WHAT THE TASK ASKS: Here the job is to transcribe the data verbatim while leaving each picture out.

======== SOURCE DATA

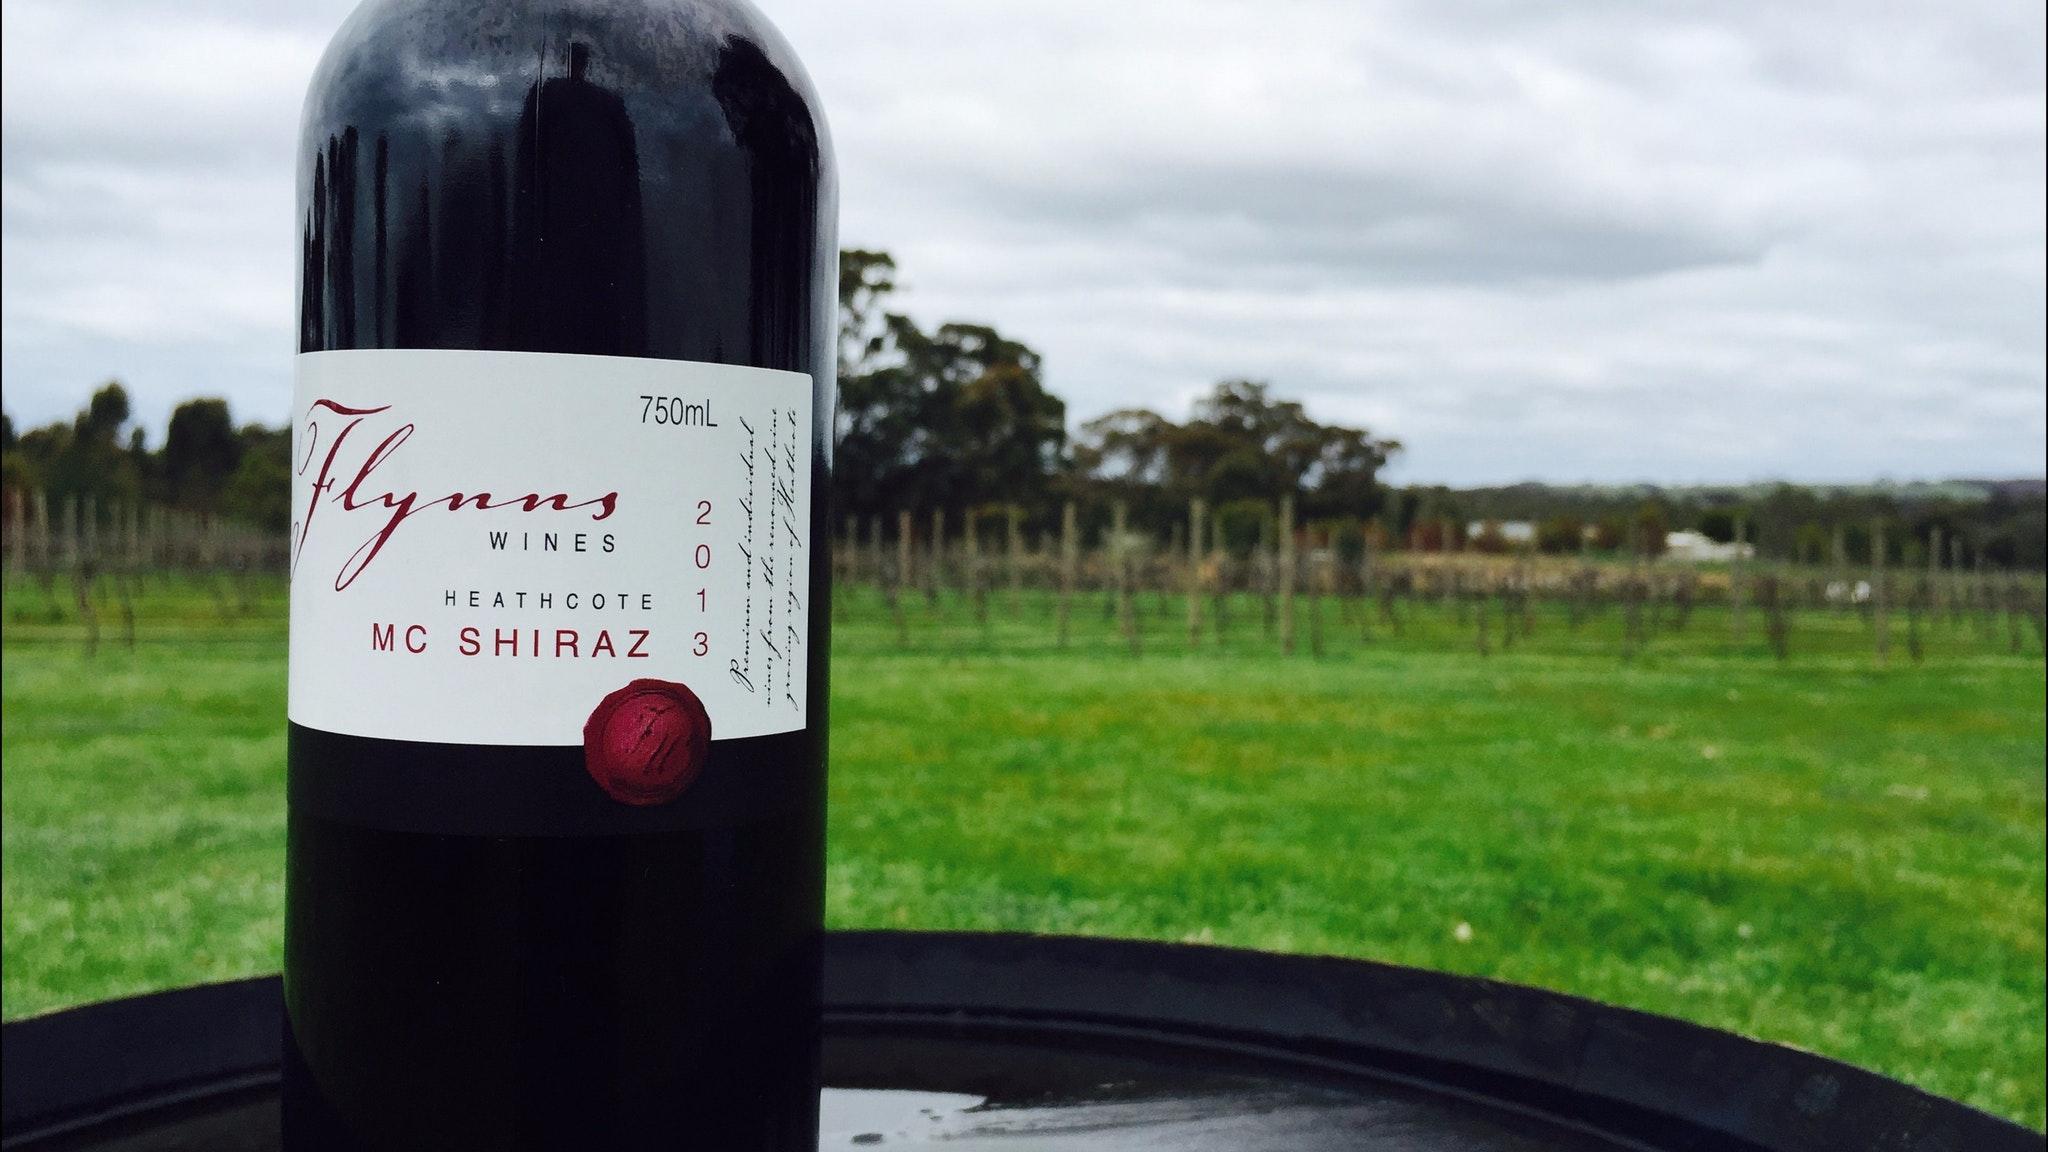 Heathcote Wine Tour
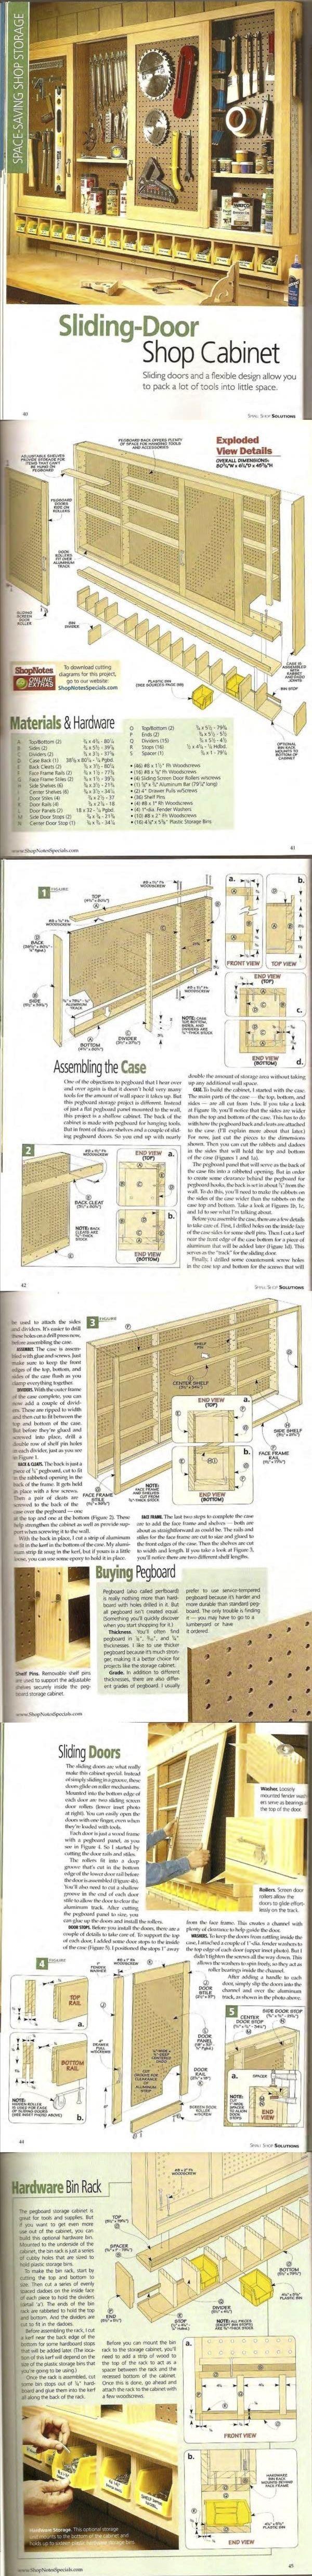 Sliding-Door Shop Cabinet / ShopNotes Magazine - Small Shop Solutions 1
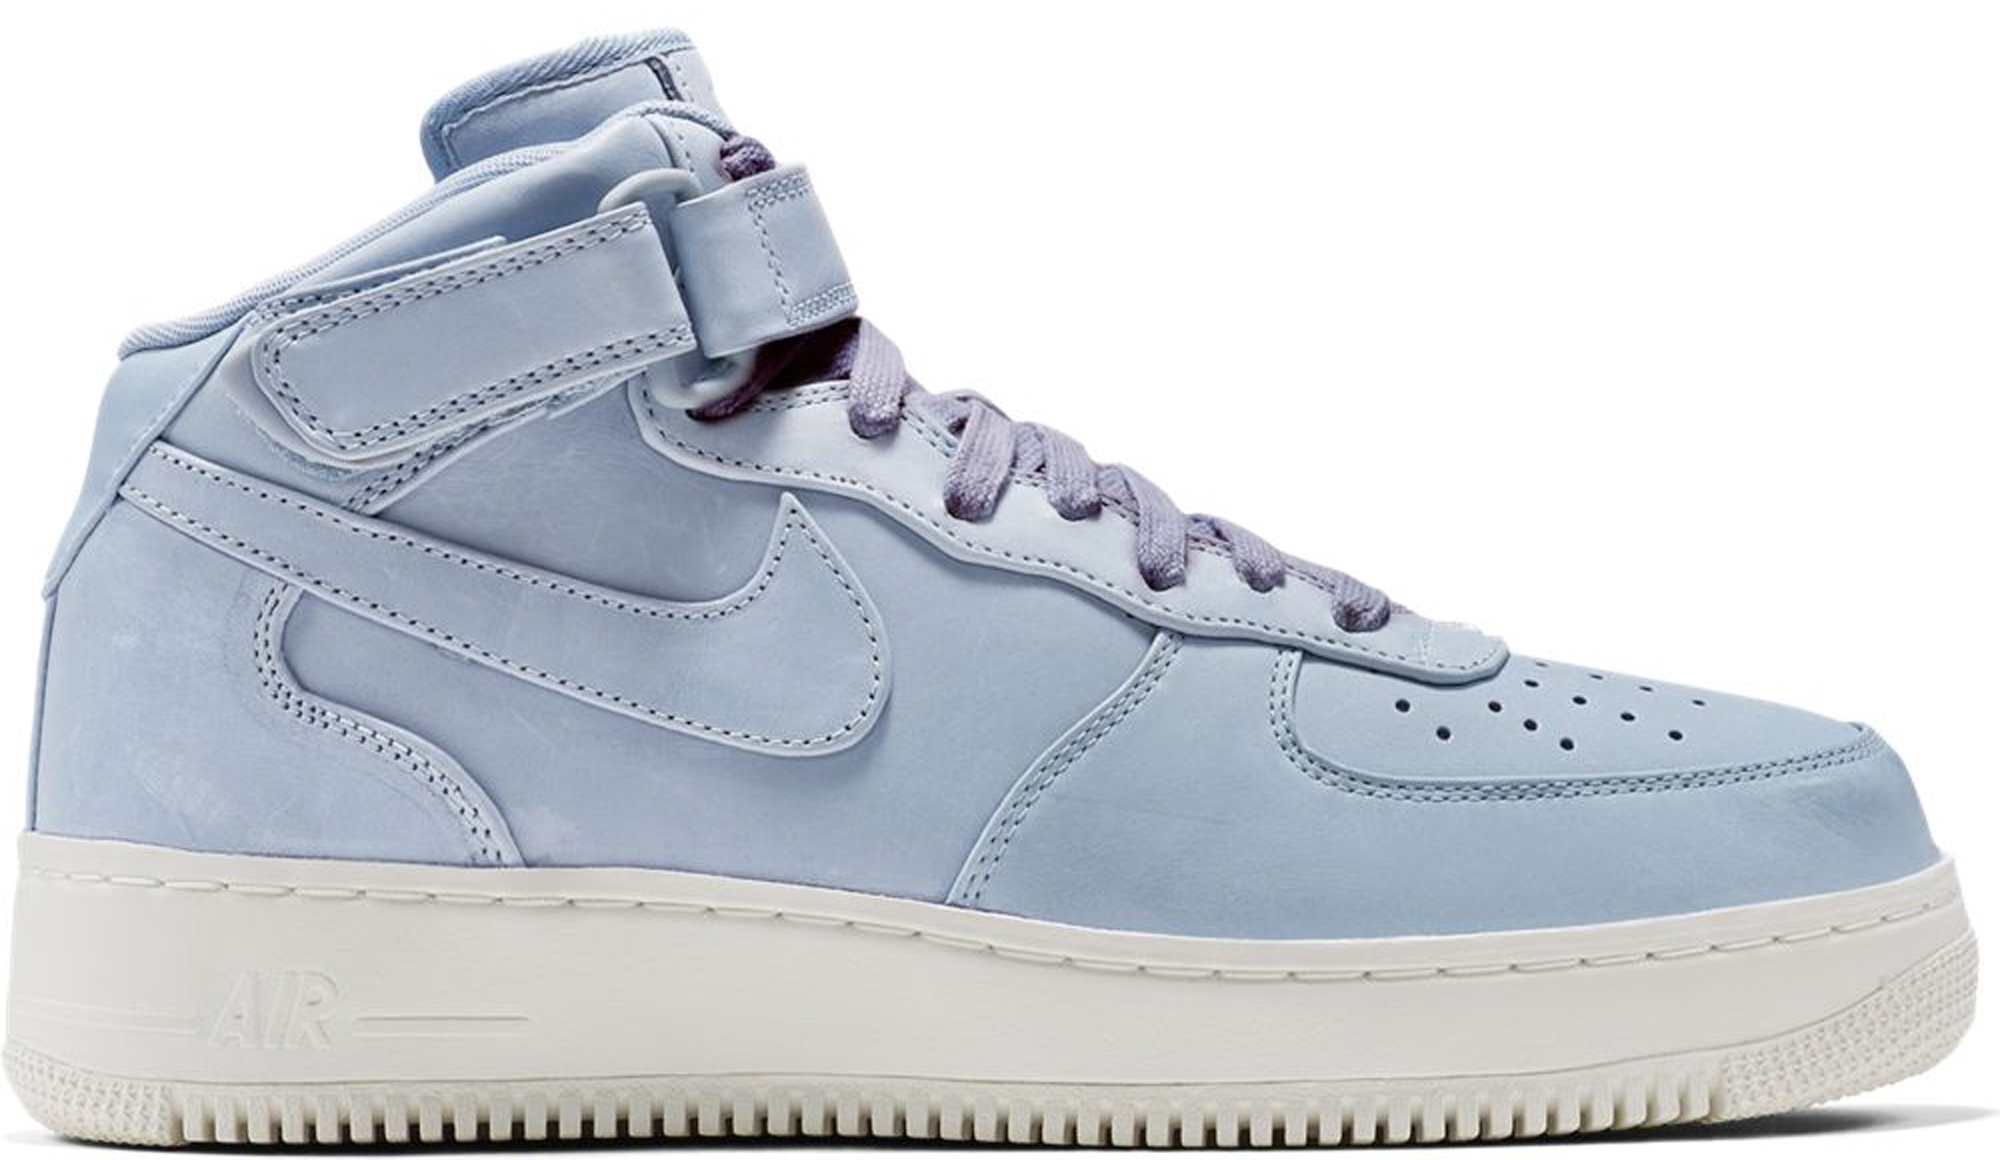 Nike Air Force 1 Mid Blue Grey - 905619-400

================

ANSWER BELOW:
 Heathcote Wine Tour
 Sliding-Door Shop Cabinet / ShopNotes Magazine - Small Shop Solutions 1
 Nike Air Force 1 Mid Blue Grey - 905619-400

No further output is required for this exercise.